═══ Data below

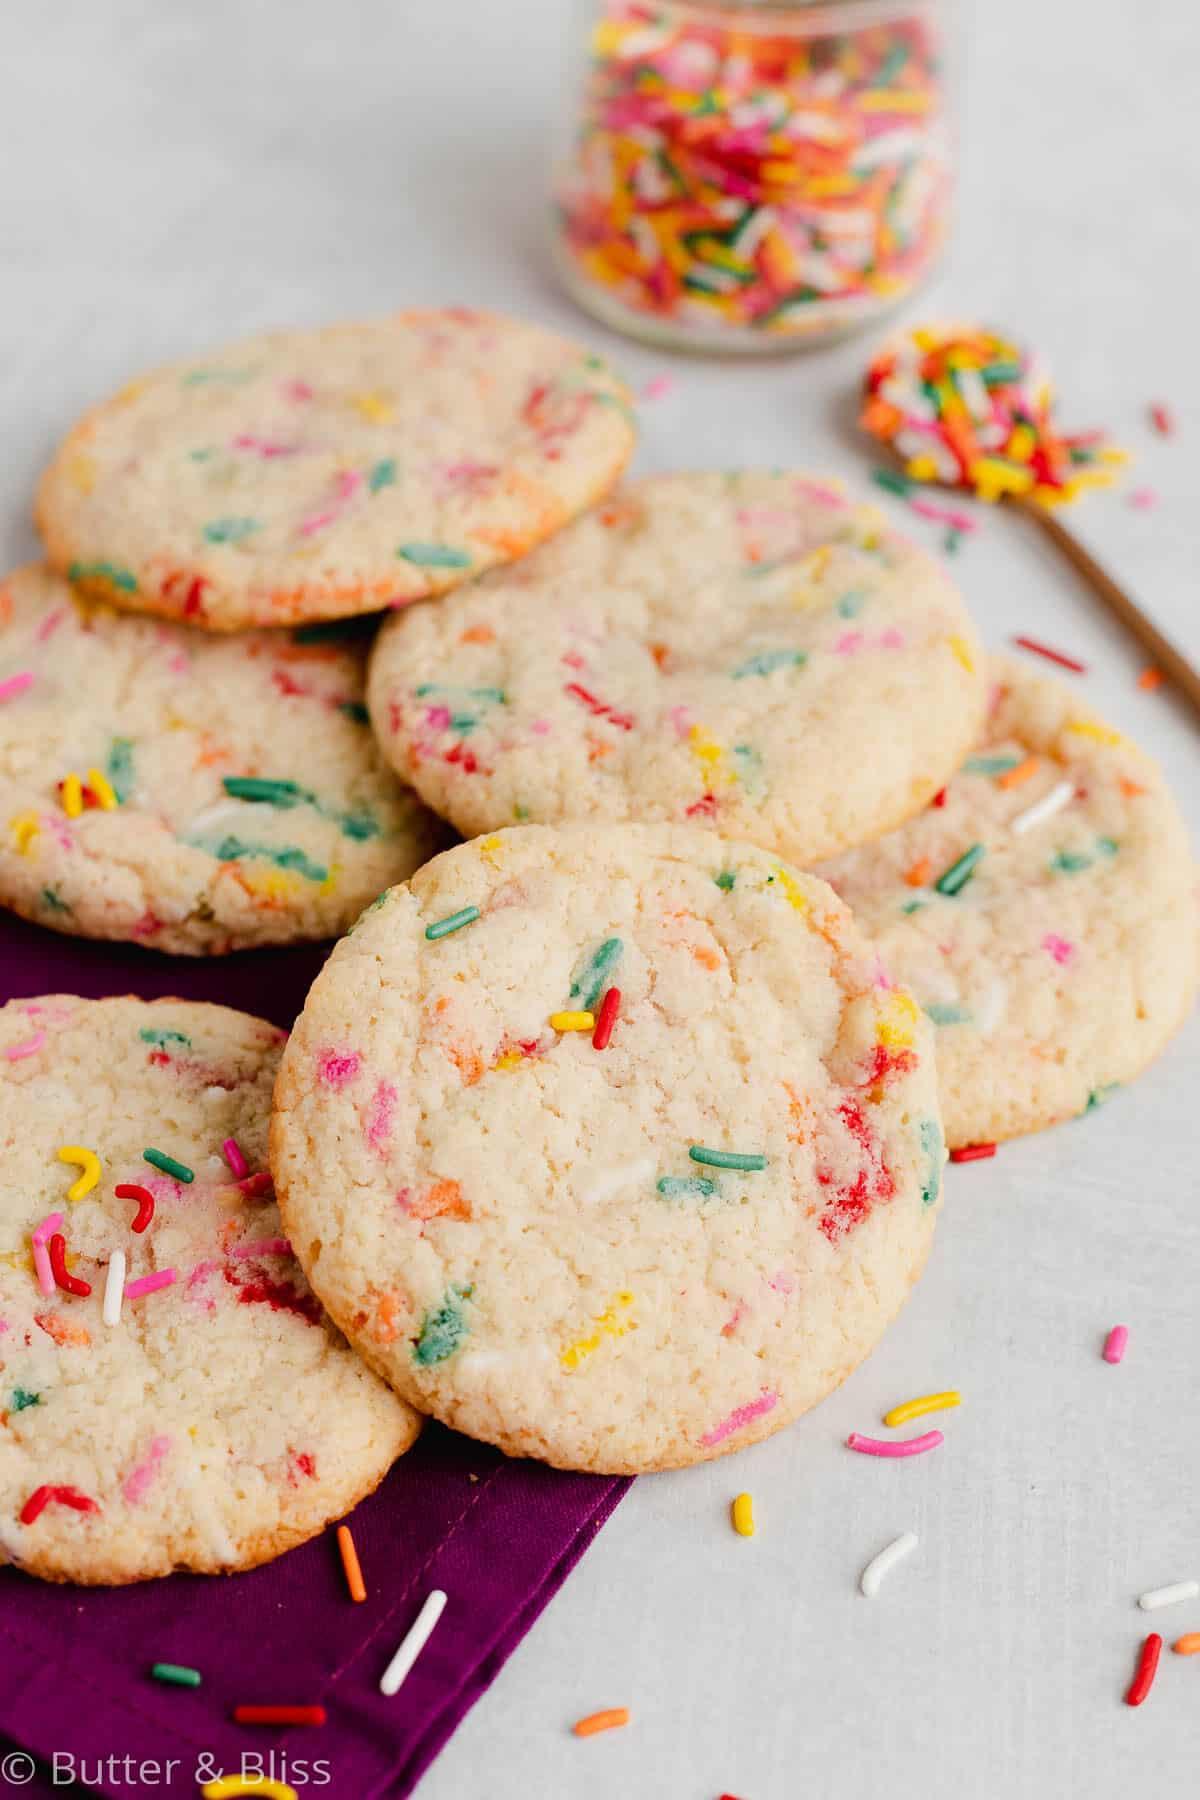 Gluten free funfetti sugar cookies on a napkin
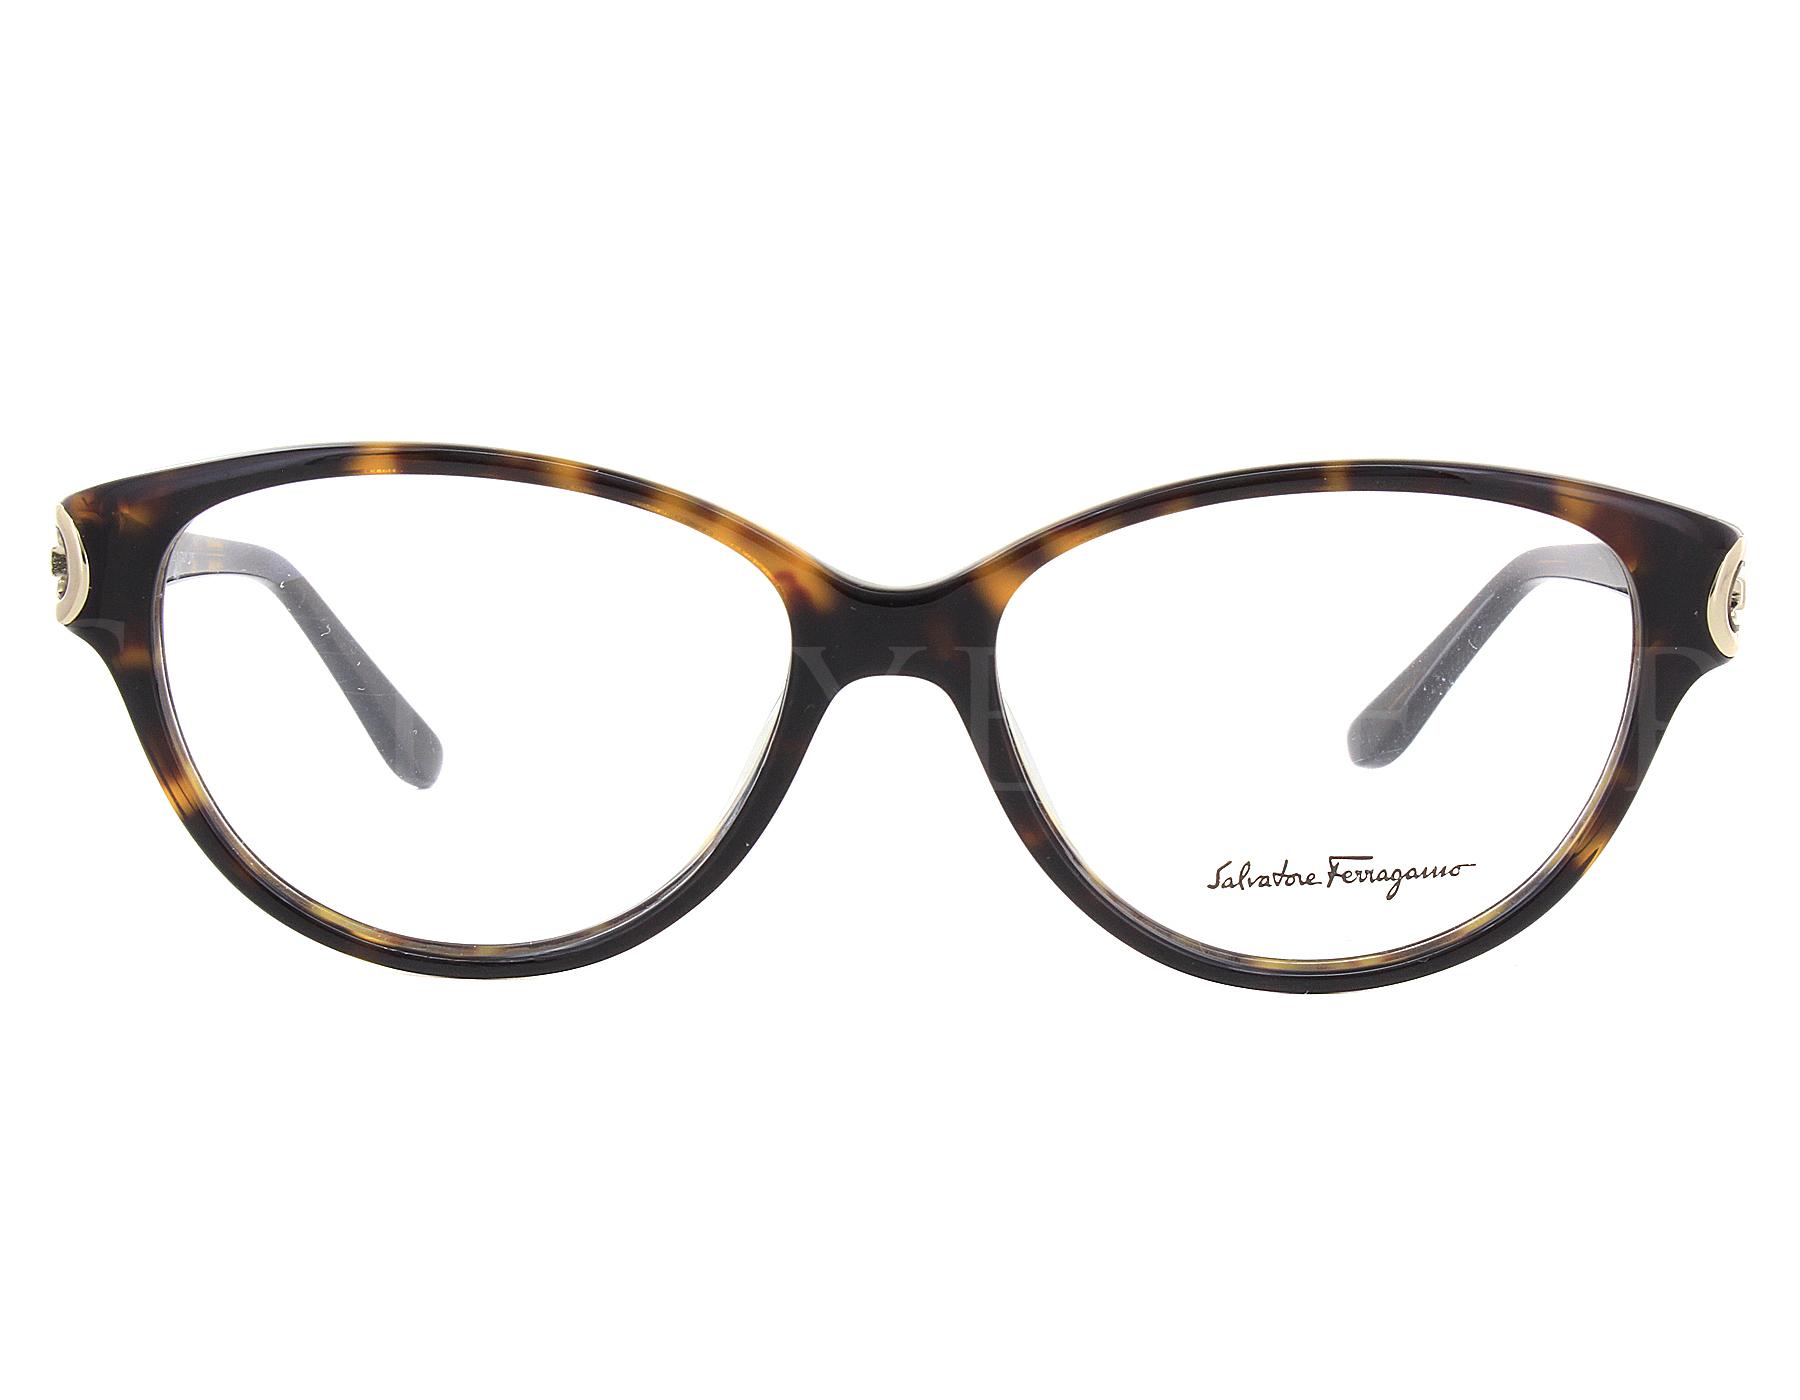 5f0e2f9afe NEW Salvatore Ferragamo SF 2735 214 53mm Tortoise Optical Eyeglasses ...
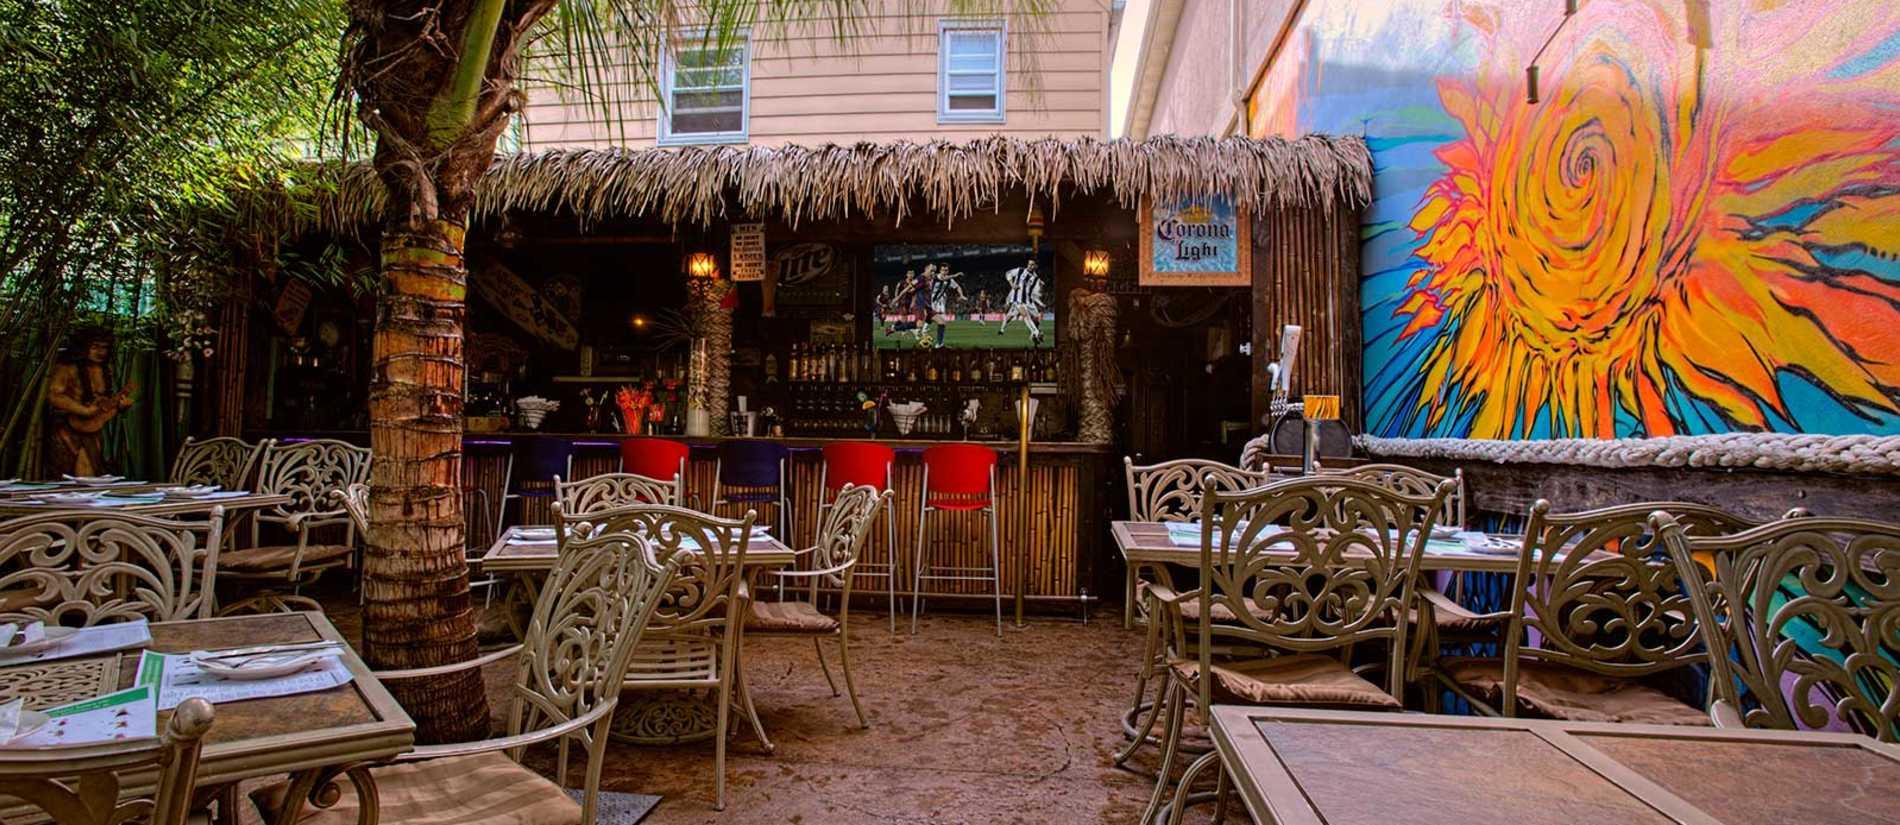 Newark Nj Restaurants Experience Outdoor Dining
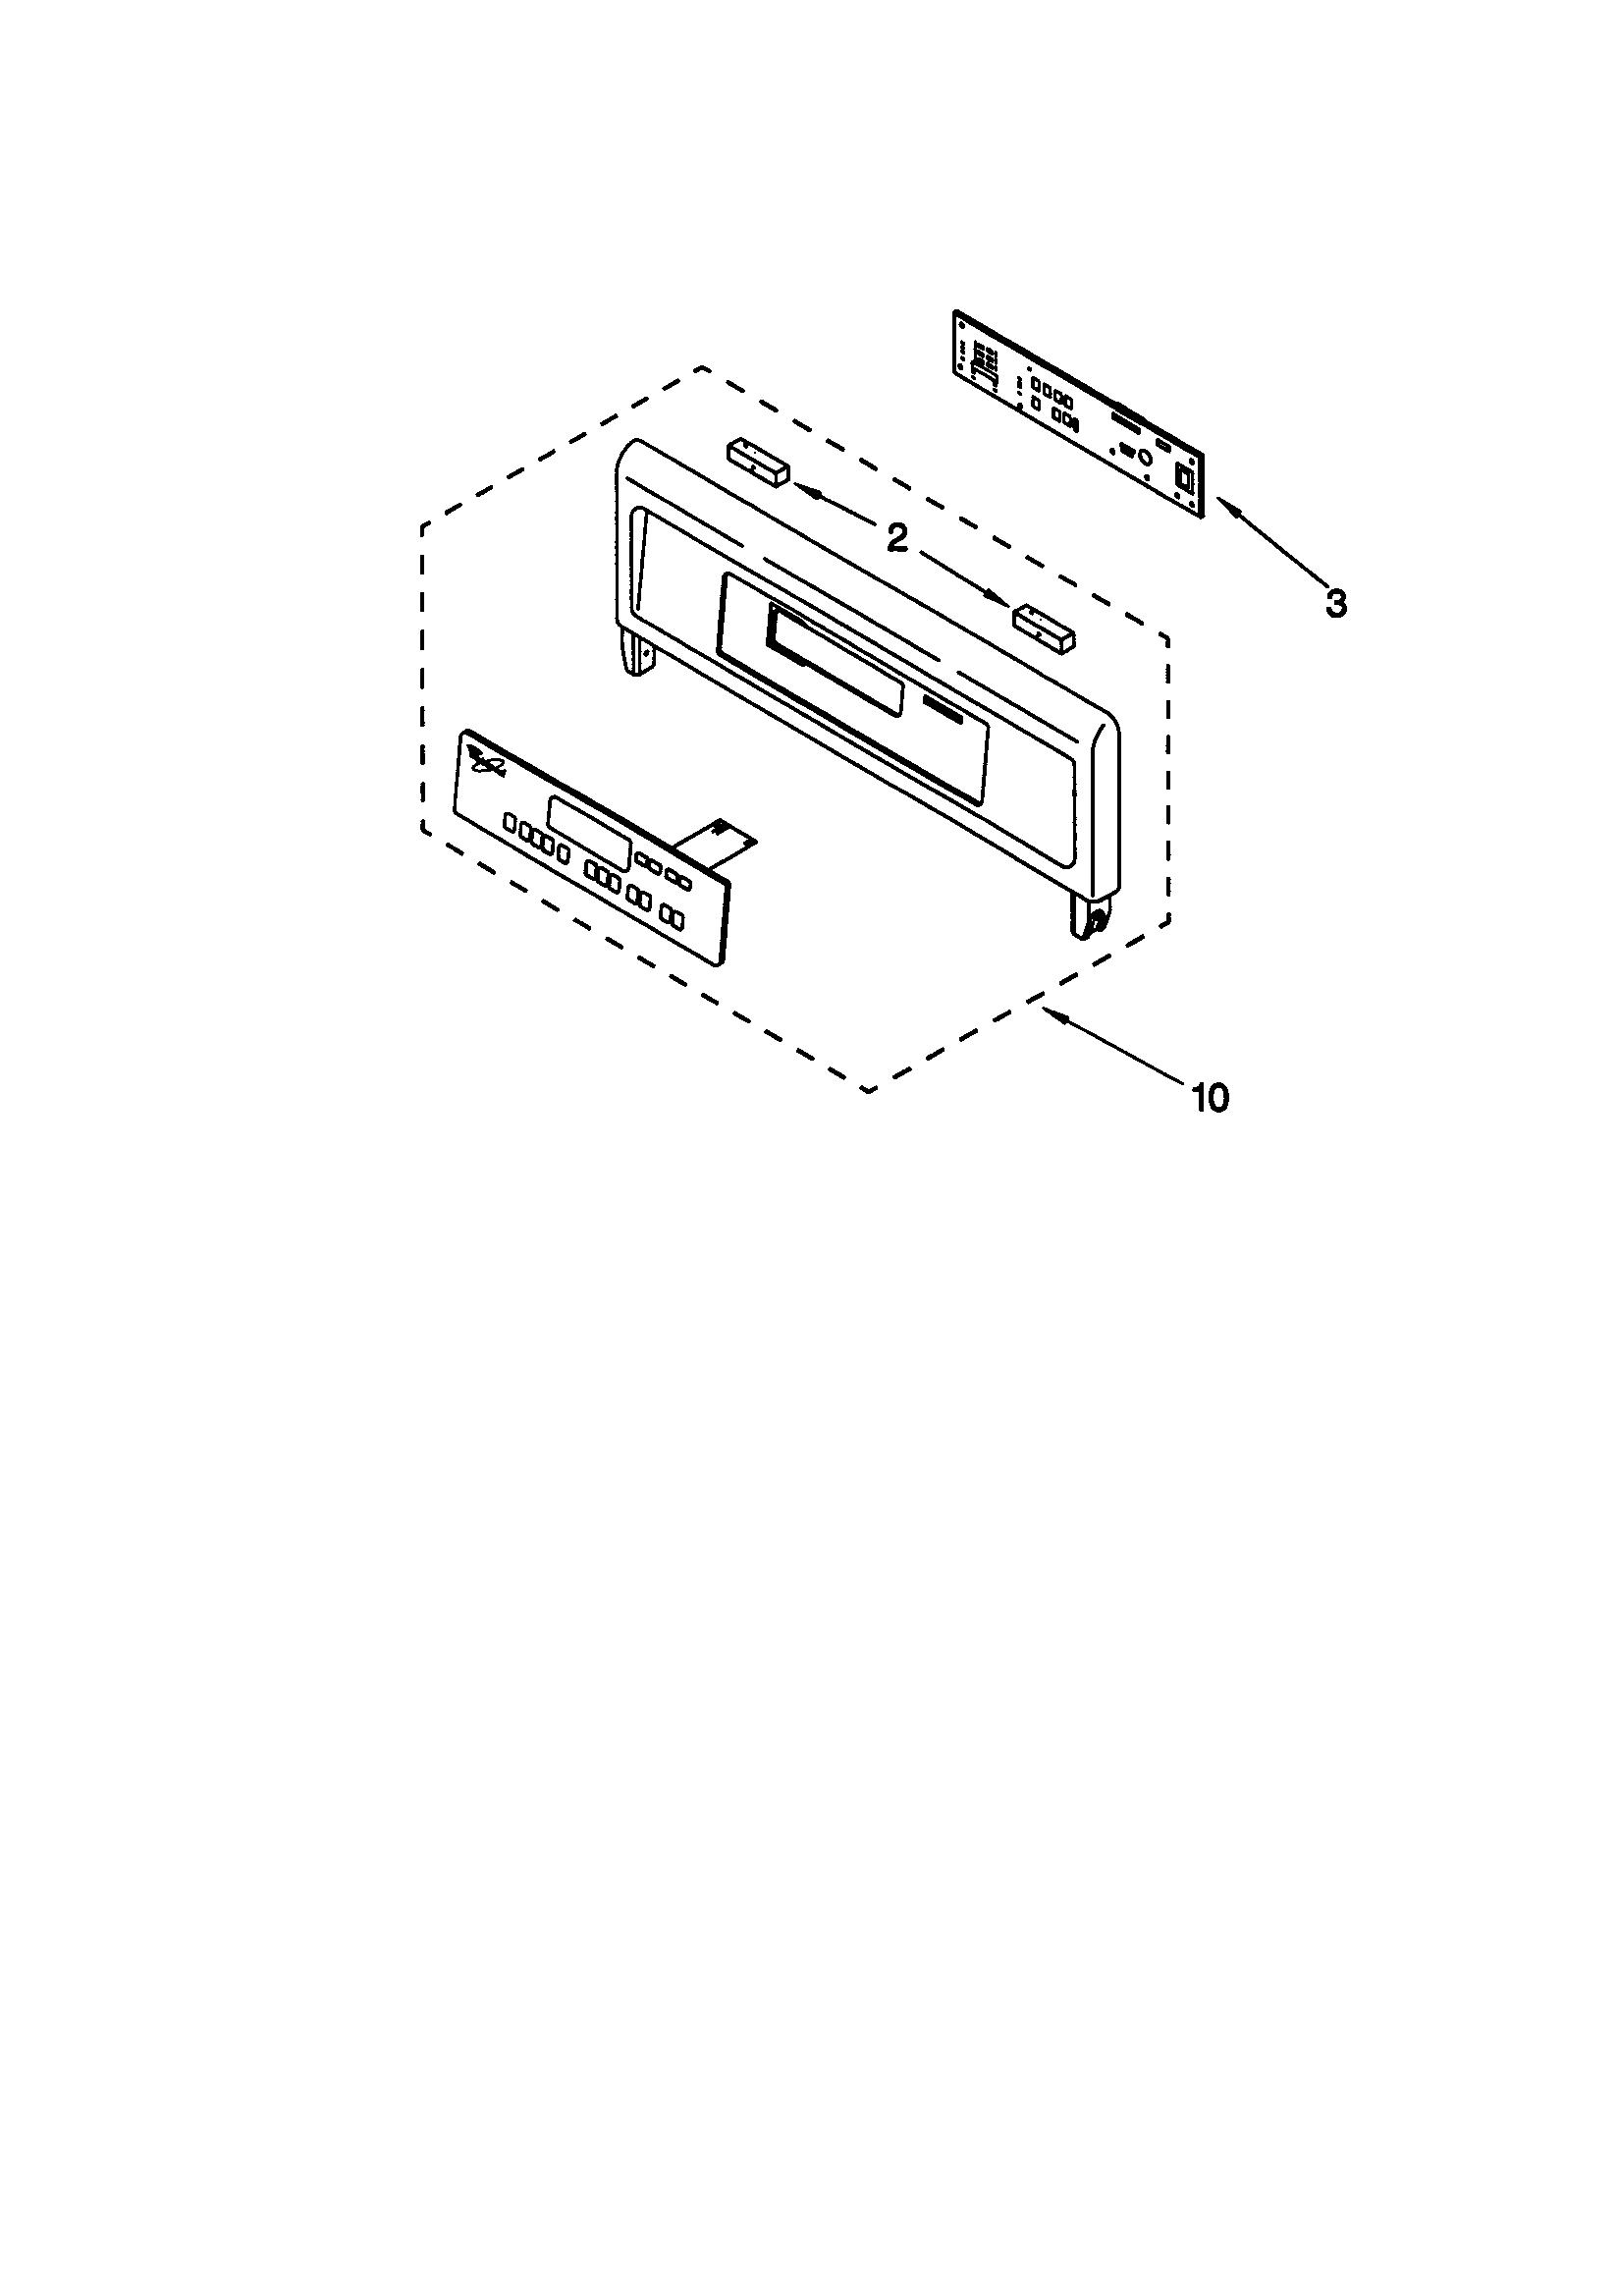 Microwave Mechanical Timer Wiring Diagram - Wiring Diagram

══════

Exercise aim
Starting at the line that contains "5f0e2f9afe NEW Salvatore", retype each line through the final one in the listing, with both ends kept and the pictures omitted.

Solution below
 5f0e2f9afe NEW Salvatore Ferragamo SF 2735 214 53mm Tortoise Optical Eyeglasses ...
 Newark Nj Restaurants Experience Outdoor Dining
 Microwave Mechanical Timer Wiring Diagram - Wiring Diagram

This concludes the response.